A new tyranny is thus born, invisible and often virtual, which unilaterally and relentlessly imposes its own laws and rules. Debt and the accumulation of interest also make it difficult for countries to realize the potential of their own economies and keep citizens from enjoying their real purchasing power. To all this we can add widespread corruption and self-serving tax evasion, which have taken on worldwide dimensions. The thirst for power and possessions knows no limits. In this system, which tends to devour everything which stands in the way of increased profits, whatever is fragile, like the environment, is defenseless before the interests of a deified market, which become the only rule,” – Pope Francis.

The Pope And The American Right, Ctd

Patrick J Deneen’s piece is very helpful. Money quote:

I think it is because of the left’s “narrative of disruption” [about Francis] that the right is panicked over Francis’s critiques of capitalism. These Vatican criticisms—suddenly salient in ways they weren’t when uttered by JPII and Benedict—need to be nipped in the bud before they do any damage.

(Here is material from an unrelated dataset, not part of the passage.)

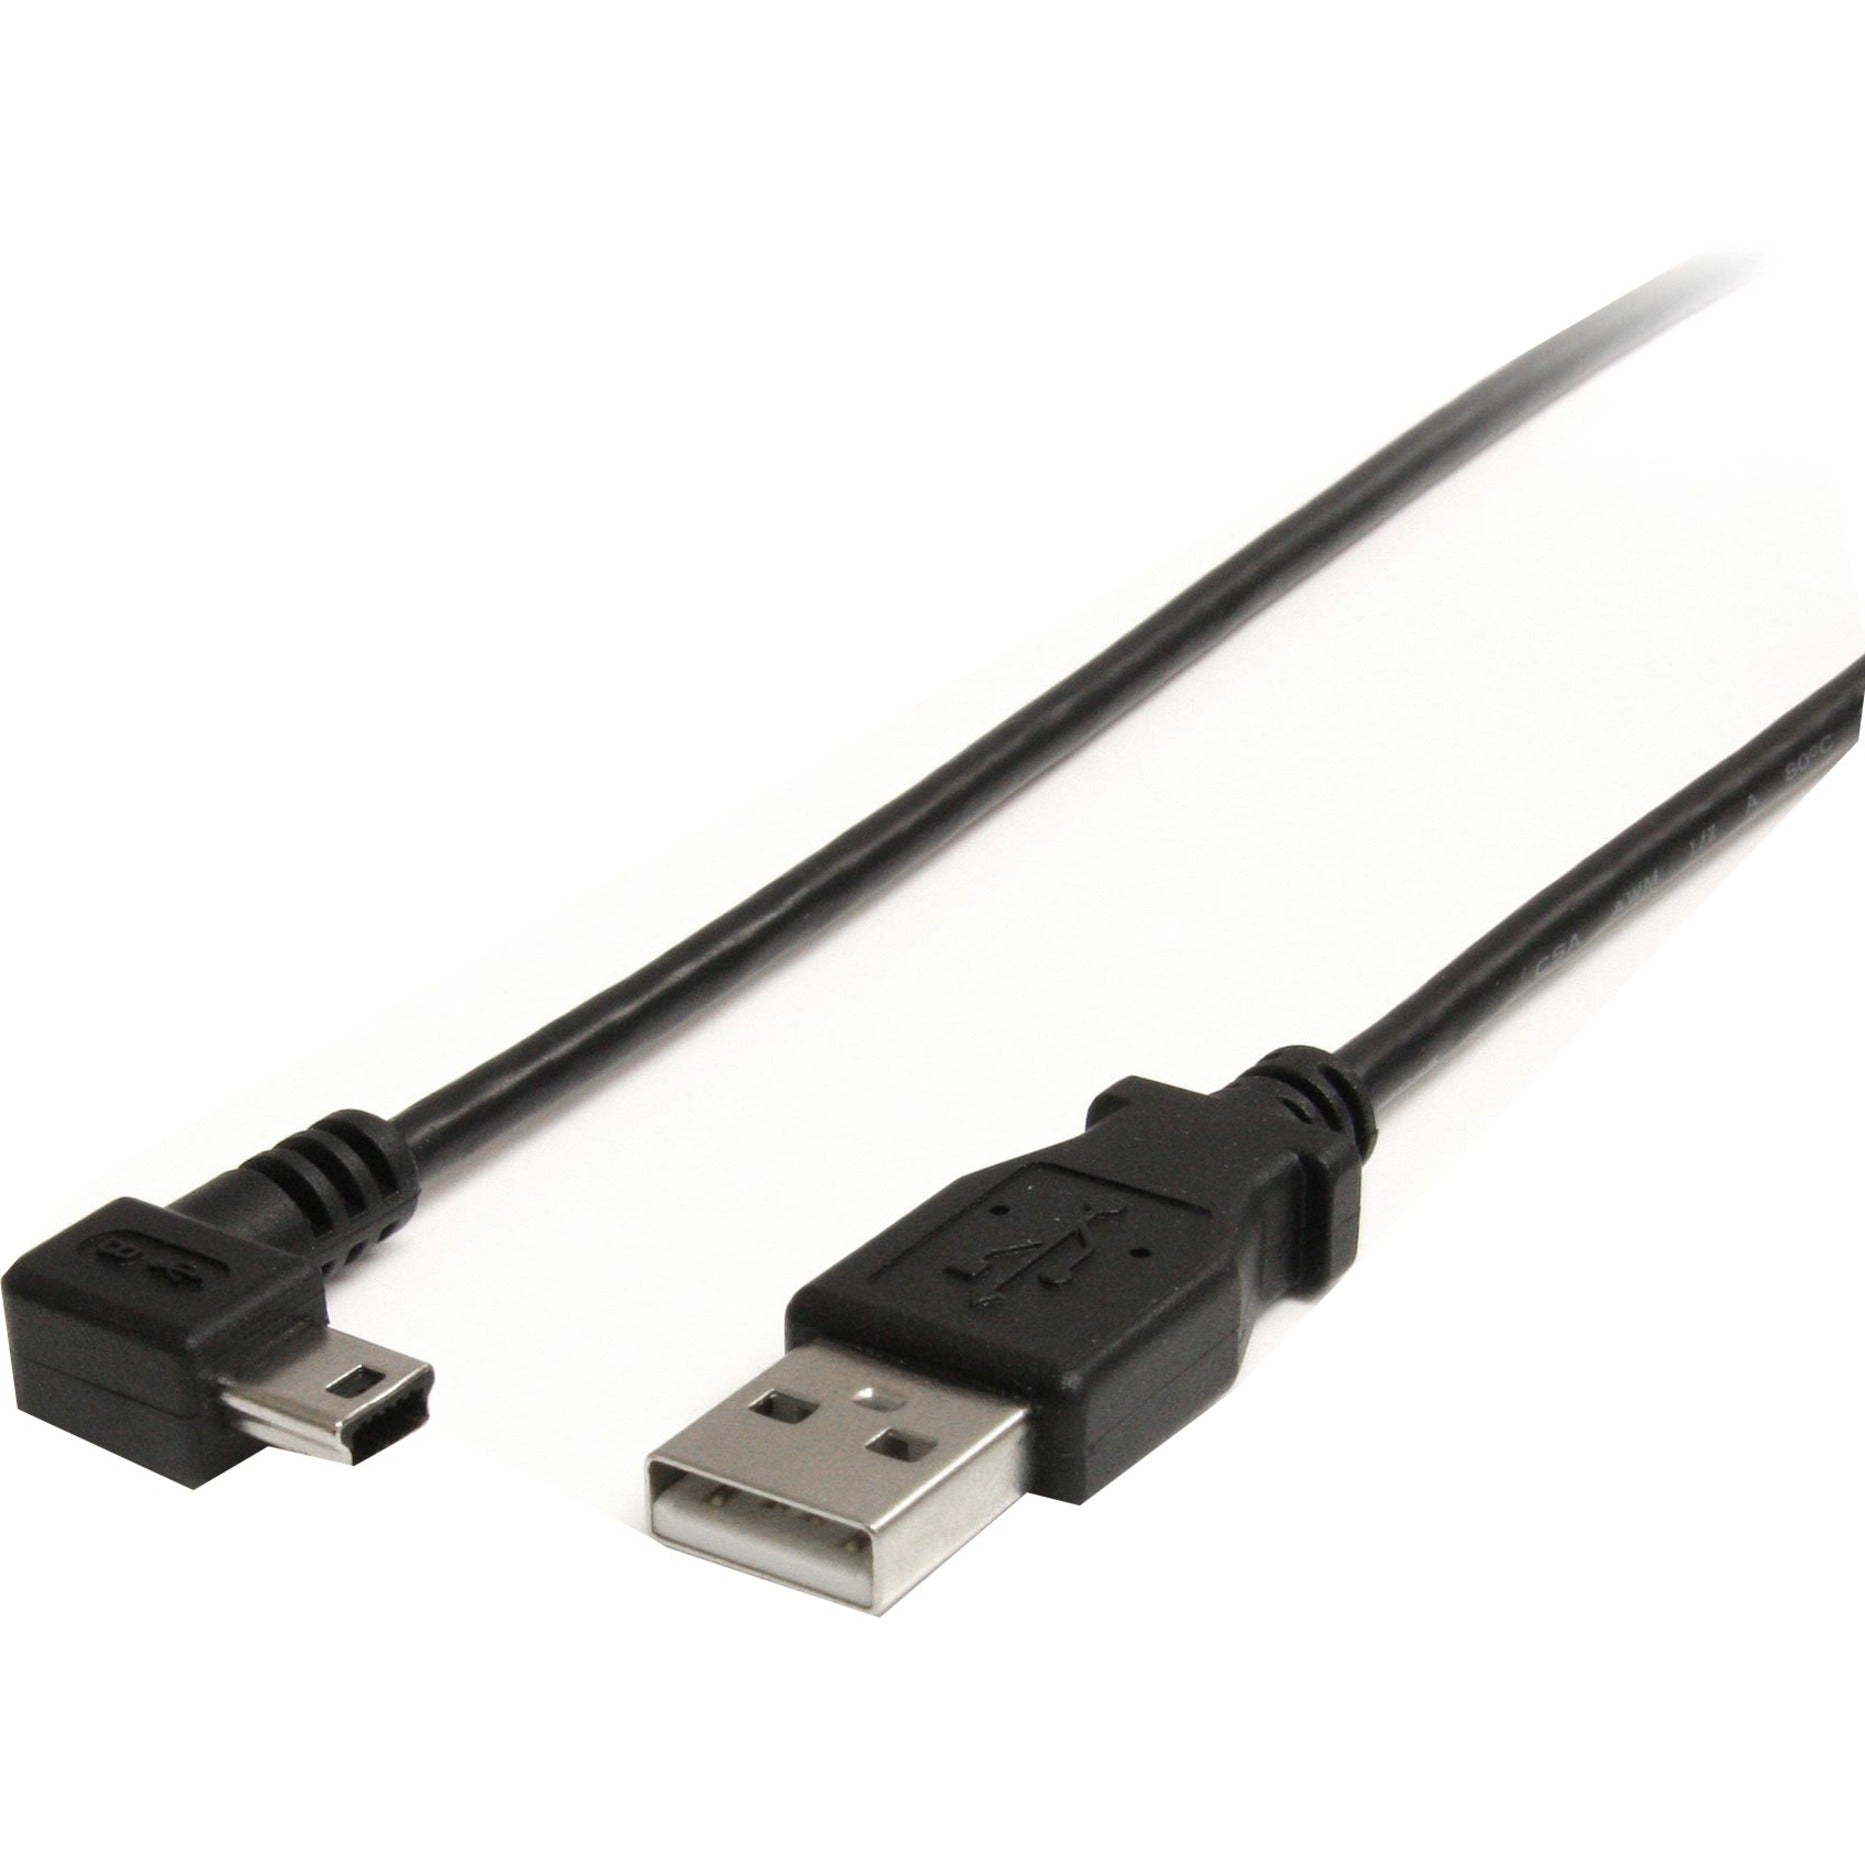 كبل USB2HABM6RA 6 قدم مصنوع من اليو اس بي - من النوع A إلى زاوية صغيرة من النوع B، الشحن، يمتلك معدل نقل بيانات 480 ميجابت في الثانية StarTech.com

The American right has gotten used to believing that Catholicism is cool because of its teachings on sex, abortion, homosexuality, marriage and contraception. And that has been a core feature of the theocon-neocon popular front this past decade or two. But it has always relied on ignoring or suppressing the critique of market capitalism that has long been embedded in Catholic social thought and was enunciated by John Paul II and Benedict XVI repeatedly. Just as the church challenges the left on some social issues, it deeply challenges the right on economic ones. I think it’s healthy that the right is now turning on this Pope. Catholicism is deeper, broader and more complex than any right or left political co-optation would have you believe.